Два раза возил Степан Михайлыч Софью Николавну для прогулки в ржаные и яровые поля, в заповедный лес, называемый потаенным колком, и на свои любимые горные родники. Старику казалось, что всё это очень занимало и очень нравилось его дорогой невестке, но ей положительно всё не нравилось. Одно только поддерживало духовные силы Софьи Николавны: мысль, что скоро уедет и постарается никогда не заглянуть в Багрово. Если бы кто-нибудь сказал ей, что она будет жить в нем постоянно до старости, и даже кончит жизнь, она бы не поверила и отвечала бы искренне, что лучше согласна умереть… Но только к тому человек не привыкнет и того не перенесет, чего бог не пошлет!
Наступило воскресенье.
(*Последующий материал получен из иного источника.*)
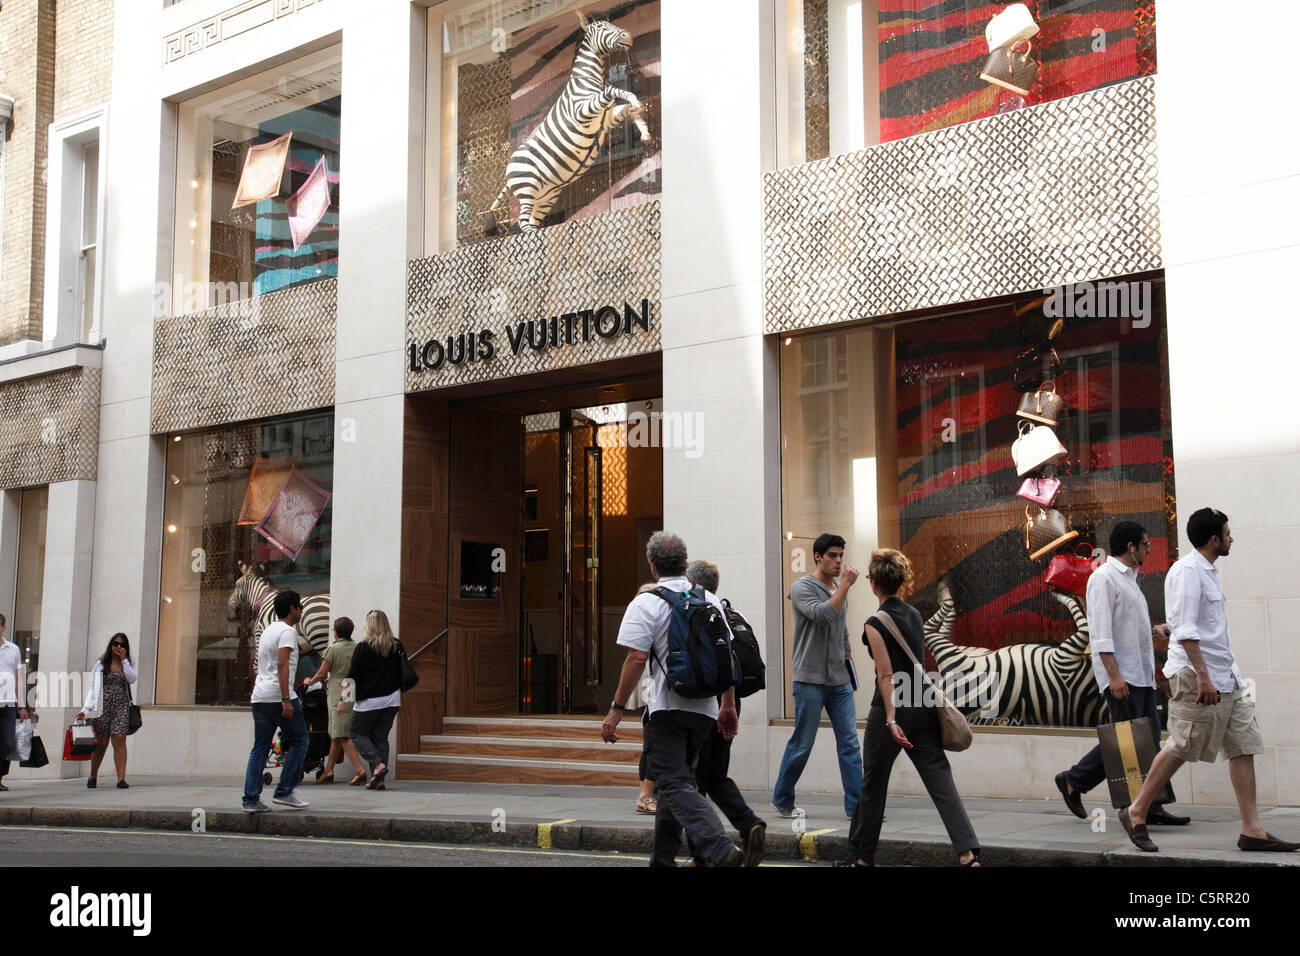 A Louis Vuitton store on New Bond Street, London, England, U.K Stock Photo - Alamy
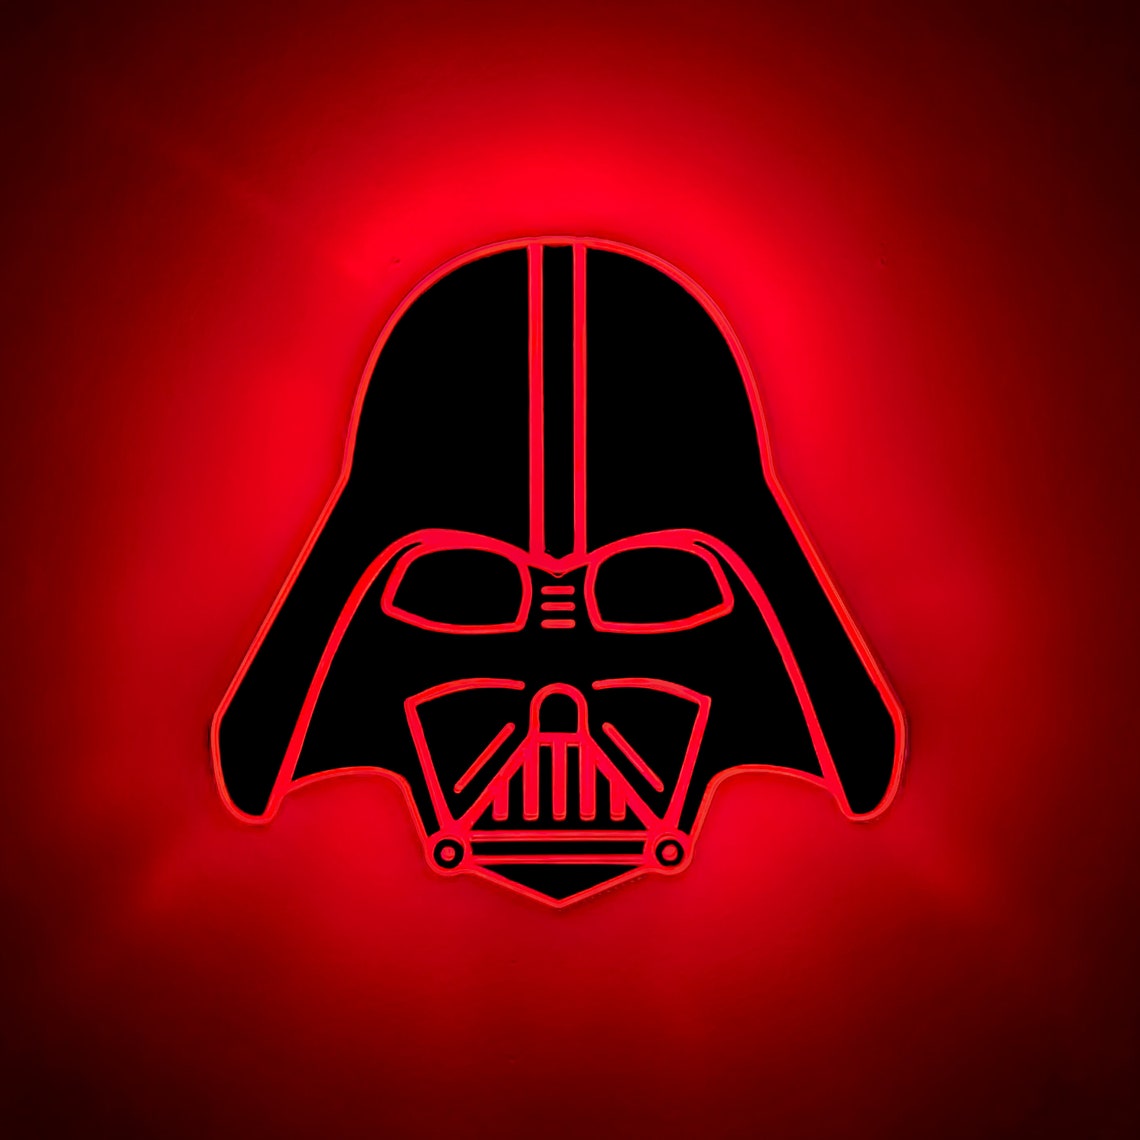 Darth Vader | Edge Lit Acrylic Signs

Начали к обеду съезжаться гости: приехали из Старой Мертовщины Марья Михайловна, приехали из Неклюдовщины и Лупеневки Кальпинские и Лупеневские, приехали из Бугуруслана старый холостяк судья и старый же холостяк городничий. Приехала и соседка, маленькая, худенькая, говорливая старушонка Афросинья Андревна (фамилии не помню, да никто и не называл ее по фамилии) из своей деревушки. Это была знаменитая лгунья, которую любил по временам слушать Степан Михайлыч, как слушает иногда с удовольствием детские волшебные сказки и взрослый человек…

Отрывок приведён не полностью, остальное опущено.